Study 1: What is the spectrum of cardiac target organ damage seen in those with an elevated BNP level?
Study 2: Does an elevated BNP in the absence of current ischaemia, left ventricular hypertrophy (LVH) or left atrial dilatation (LAD) identify those who will later develop LVH or LAD?

Ethics approval

Tayside Committee on Medical Research Ethics, 13/02/2008, ref: 08/S1402/15

Study design

Observational cohort study

Primary study design

Observational

Secondary study design

Cohort study

Trial setting

Not specified

Trial type

Diagnostic

Patient information sheet

Not available in web format, please use the contact details provided in the Interventions field to request a patient information sheet.

Condition

Cardiovascular diseases

Intervention

This is an observational cohort study where participants will undergo standard diagnostic tests but no pharmacological, surgical or lifestyle interventions will be made.

Study 1: What is the spectrum of cardiac target organ damage seen in those with an elevated BNP level?
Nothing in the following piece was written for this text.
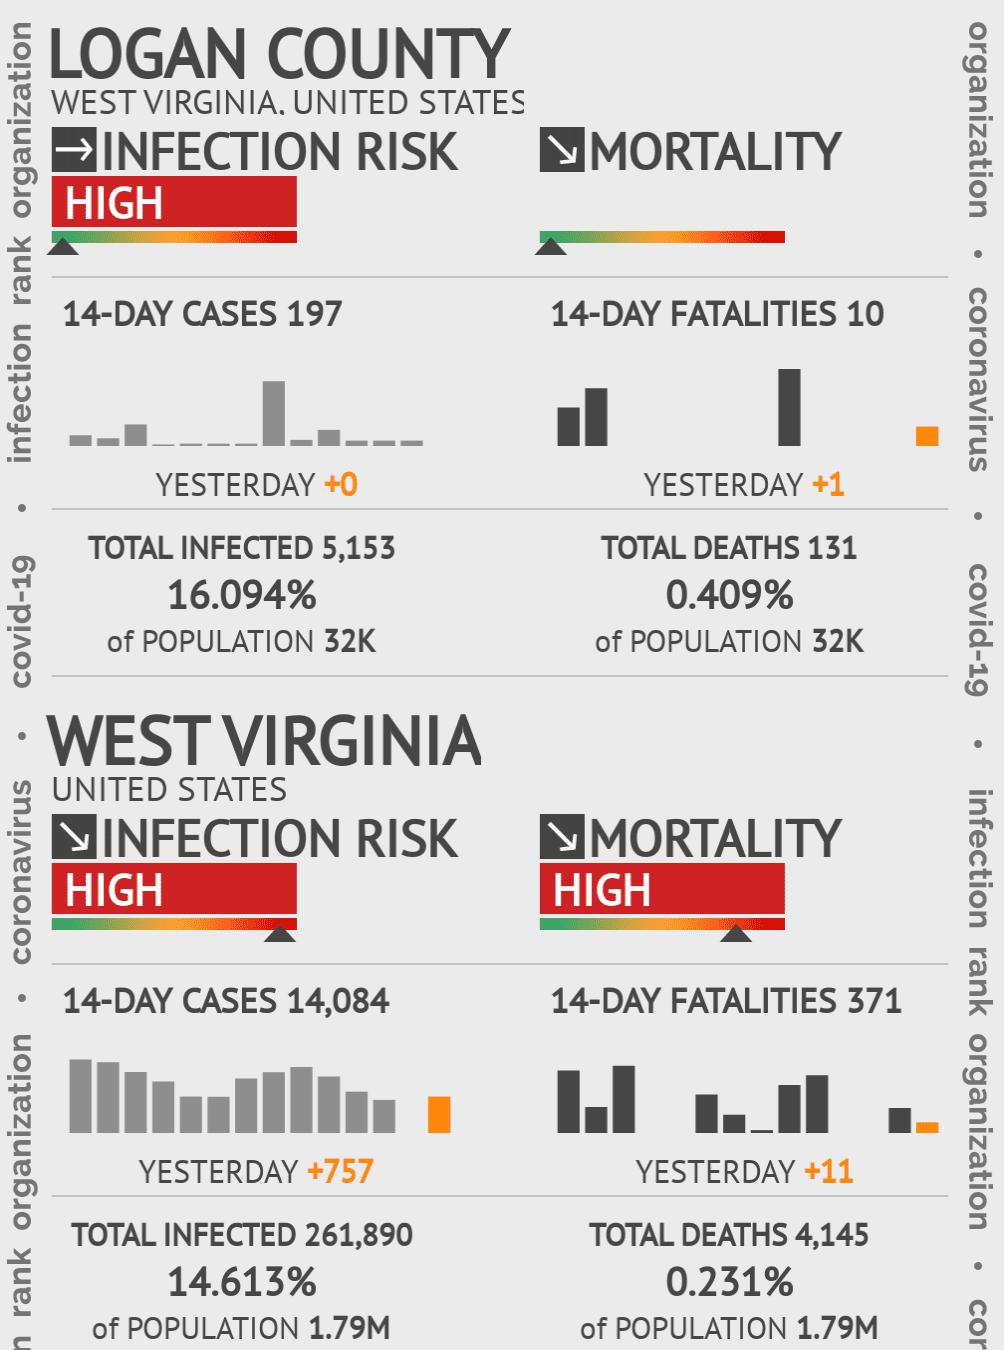 Logan County Coronavirus Covid-19 Risk of Infection on July 24, 2021

The Participants will all undergo a full clinical assessment including 24 hour BP monitoring. In addition, blood samples will be taken for the following:
1. Total cholesterol, high density lipoprotein (HDL) cholesterol, low density lipoprotein (LDL) cholesterol and triglycerides (fasting)
2. BNP, N-terminal BNP and N-terminal Atrial Natriuretic Peptide (ANP). BNP will be measured by a near patient BNP test (Biosite®) and by a standard radioimmunoassay (RIA) on a sample stored at -70 C° using the Peninsula® kit. N-terminal ANP and N-terminal BNP will also be measured by commercially available RIA kits.
3. Kidney function will be measured in three ways
4. Microalbuminuria. We will also be able to assess the value of measuring both BNP and microalbuminuria to identify cardiac target organ damage (TOD).
5. Electrocardiogram (ECG) and 24 hour ECG tape to identify paroxysmal arrhythmias, especially atrial fibrillation (AF)
6. Echocardiography for target organ damage. All measurements will be made according to the American Society of Echocardiography (ASE) recommendation.
7. Silent coronary disease. A non-invasive technique is obviously necessary. We have opted for a dual approach, i.e. dobutamine stress echocardiography (DE) with nuclear stress perfusion imaging (SPI) as a back-up. The recent ACC/AHA 2002 guidelines for chronic stable angina were our guide in choosing techniques.
8. Cardiac MRI. This will be done in suitable patients identified at this stage, i.e. 76 individuals without any target organ damage. This is mainly so that we have baseline data to be used later for Study 2.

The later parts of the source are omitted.